President Bush today [January 5, 2006] launched the National Security Language Initiative (NSLI), a plan to further strengthen national security and prosperity in the 21st century through education, especially in developing foreign language skills. The NSLI will dramatically increase the number of Americans learning critical need foreign languages such as Arabic, Chinese, Russian, Hindi, Farsi, and others through new and expanded programs from kindergarten through university and into the workforce. The President will request $114 million in FY07 to fund this effort.

Item 2:

In late 2004, the number of people studying Arabic in college had zoomed to more than 10,000. In his 2005 book Al-Jazeera: the inside story of the Arab news channel that is challenging the West, journalist Hugh Miles says, ‘Despite a billion dollars spent on public relations, long-term investment in learning Russian during the Cold War means today there is a serious lack of Arabic speakers in the American administration. Incredibly, America has fewer than five spokesmen capable of advocating American policy in Arabic in a televised debate on Al-Jazeera.”

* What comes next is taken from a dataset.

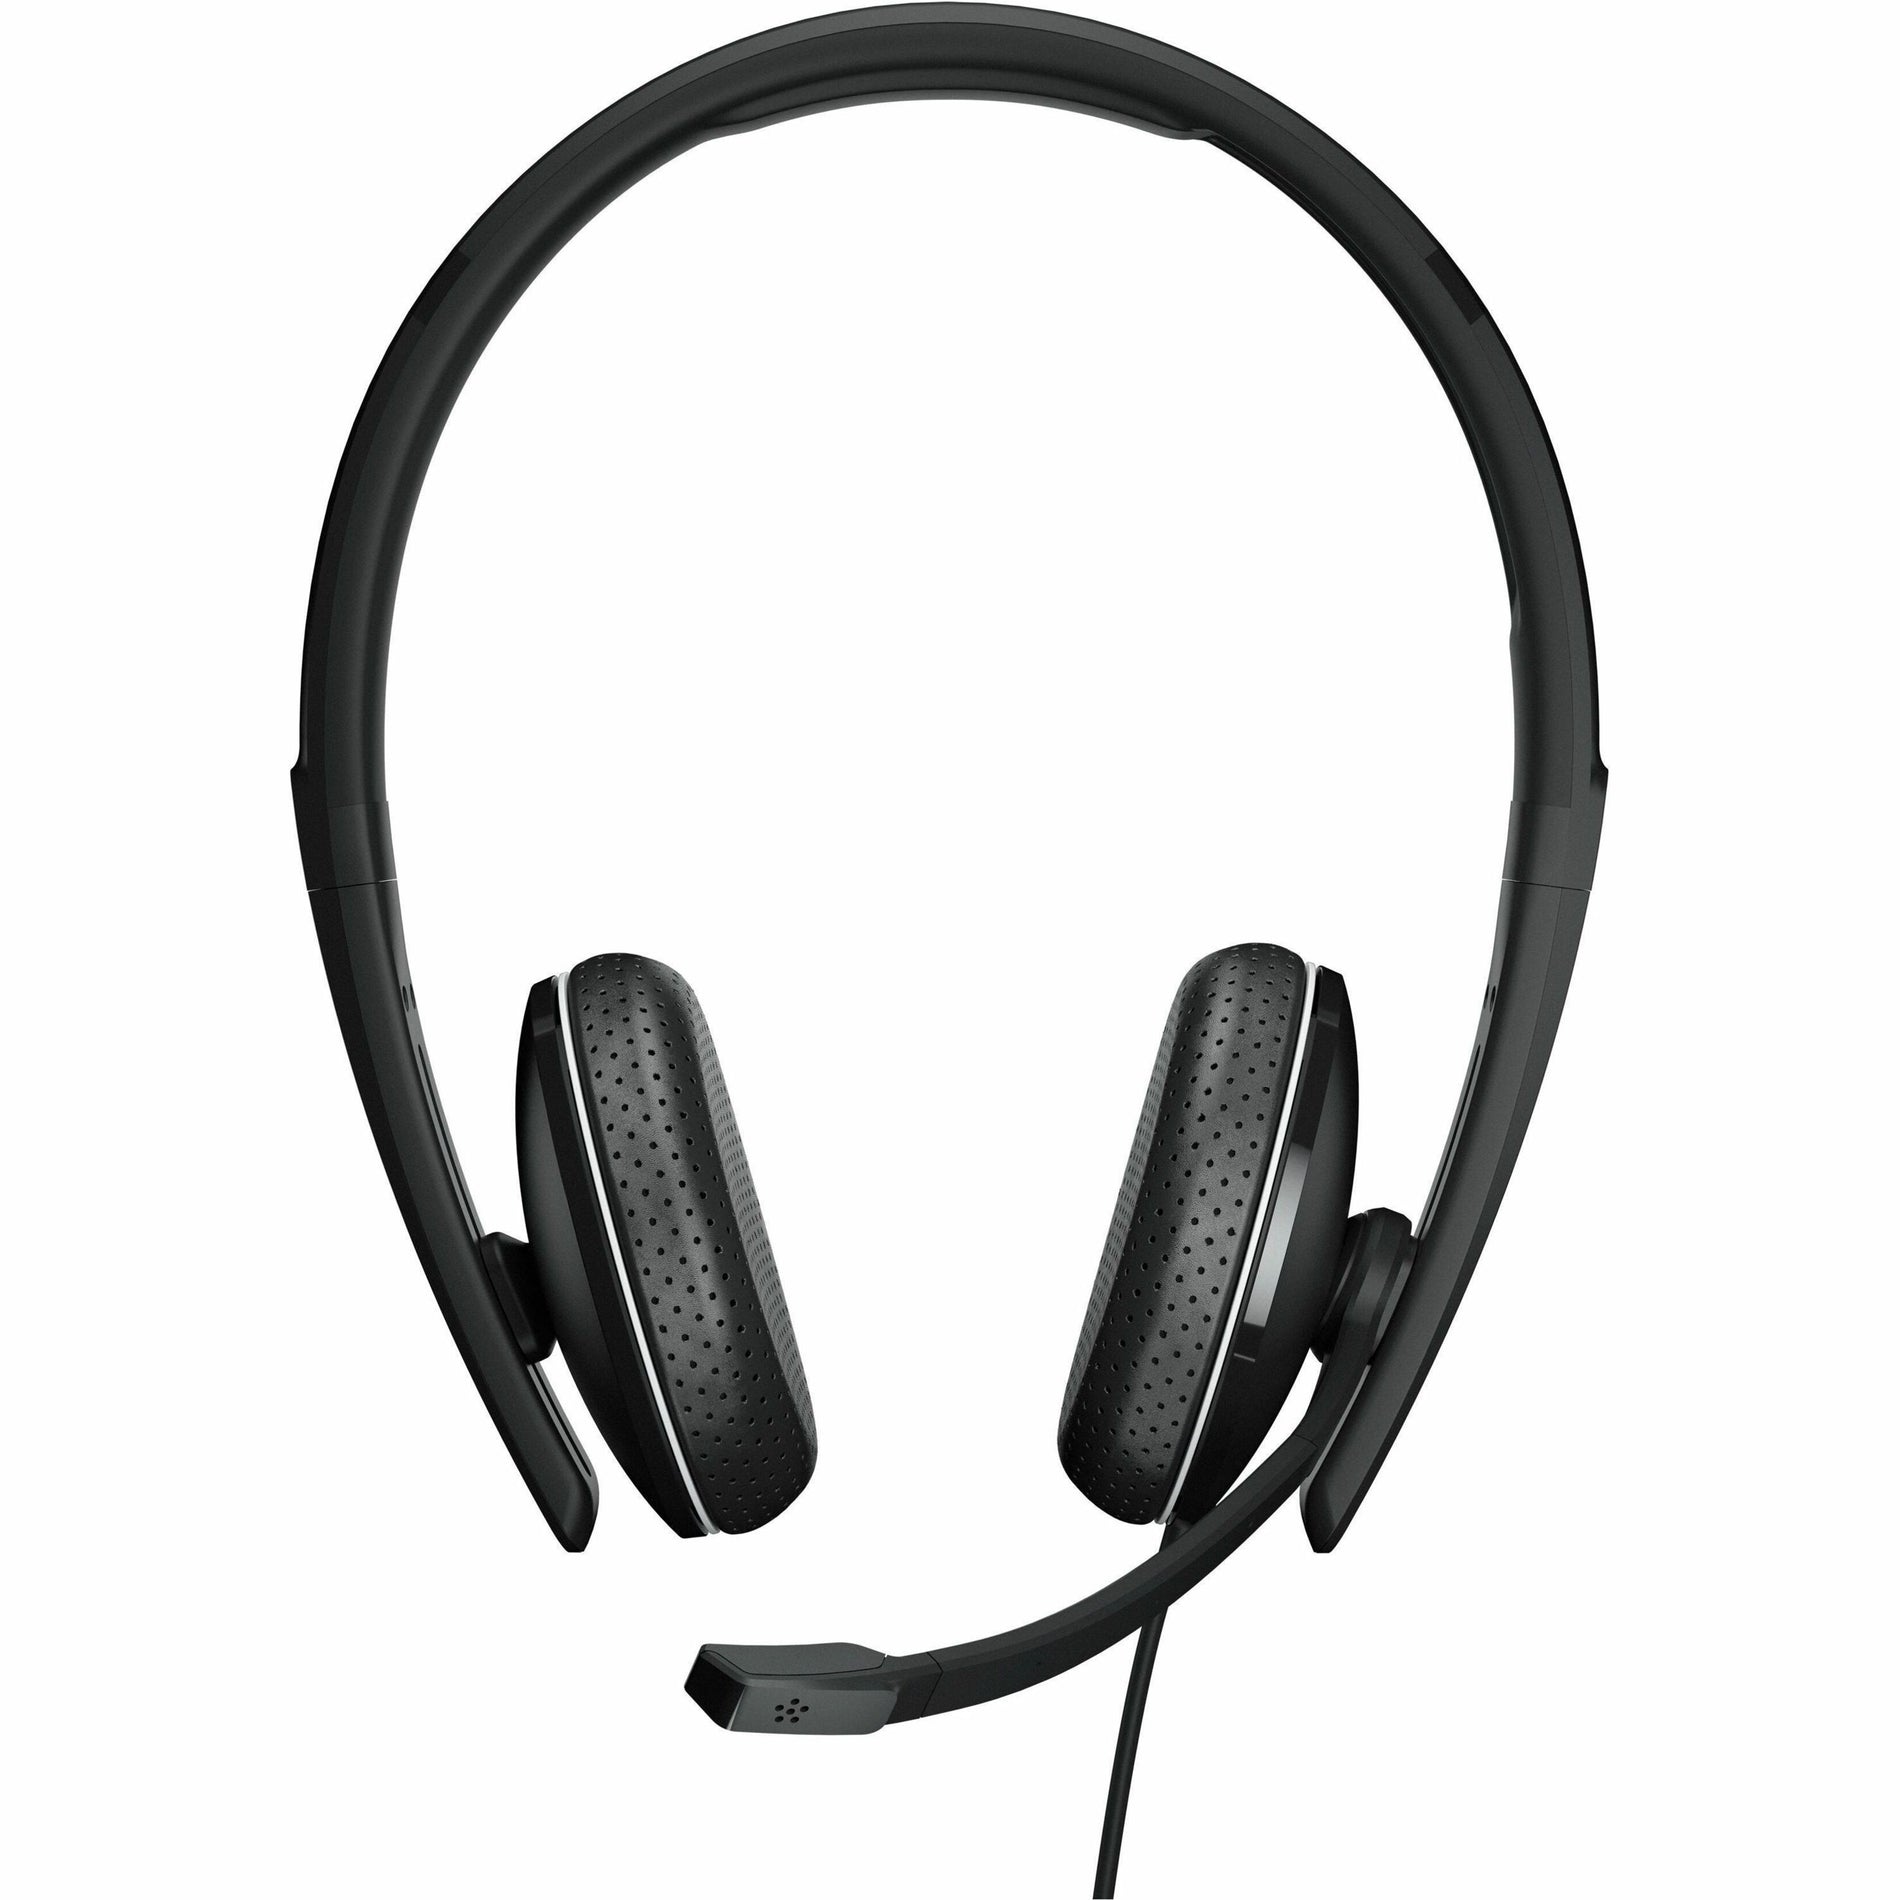 EPOS | SENNHEISER 1000920 ADAPT 165 USB-C II Headset, Binaural On-ear Headset with 2 Year Warranty, Integrated Microphone, Mobile Devices Compatibility

Item 3: From exactly one year ago

Spies are us: interest in Arabic soars

Primary motivation for American students of the language is to land a job with a government security agency

By Benjamin Sutherland

Special to The Daily Star JANUARY 19, 2005

“. . . Witness Titan Corp, a San Diego-based contractor that provides Arabic interpreters to militaries. Salaries hover around $100,000 a year, but the firm still can’t meet the demand for qualified Arabists: coalition soldiers have criticized Titan for sending them unprepared immigrant cabbies and shopkeepers. CACI, a U.S. company that hires interrogators fluent in Arabic, recently reduced requirements from seven years of interrogation experience, to five years, then to two.”

And in counterpoint, Item 4:

TURKMEN OFFICIALS’ ENGLISH “SHAMES” PRESIDENT

President wages war on foreign languages, then orders ministers to speak fluent English in matter of months.

By IWPR staff in London

President Saparmurat Niazov’s obsession with himself and all things Turkmen appears to have caused him some embarrassment.

Apparently shamed by his ministers’ poor linguistic skills at a recent trade meeting in China, Niazov ordered them to learn fluent English in under six months – a near impossible task, especially since there’s hardly anyone left in the country to teach foreign languages.

Over the last ten years, Niazov — better known as Turkmenbashi — has systematically destroyed foreign-language teaching, as part of his attempt to hermetically seal the country from outside influences and promote Turkmen language and customs together with his own personality cult.

Niazov’s latest quixotic edict followed the visit of a Turkmen trade delegation to China in December, where negotiations on a range of deals — including gas deliveries, the construction of the silk mills and financial loans – were held.

Members of the delegation — which comprised top officials from a number of important ministries, such as food, textiles and oil and gas — were reliant on an interpreter while their Chinese counterparts spoke in English.

Apart from being evidently embarrassed by his subordinates’ poor grasp of the language, Turkmenbashi was also seemingly concerned that their linguistic shortcomings could undermine the Turkmen negotiating position in economic talks with China and other states.

“We have every possibility for joint, mutually beneficial work with foreign countries. Gain experience and learn languages,” he urged members of his government at a recent cabinet meeting. “Even the Chinese speak in English, but my officials don’t understand a word. I give you six months to speak English as if it were your native language.”

The problem is that Niazov has over the years closed almost all the specialist foreign-language centres and reduced the teaching of Russian and English in secondary schools and universities to a minimum.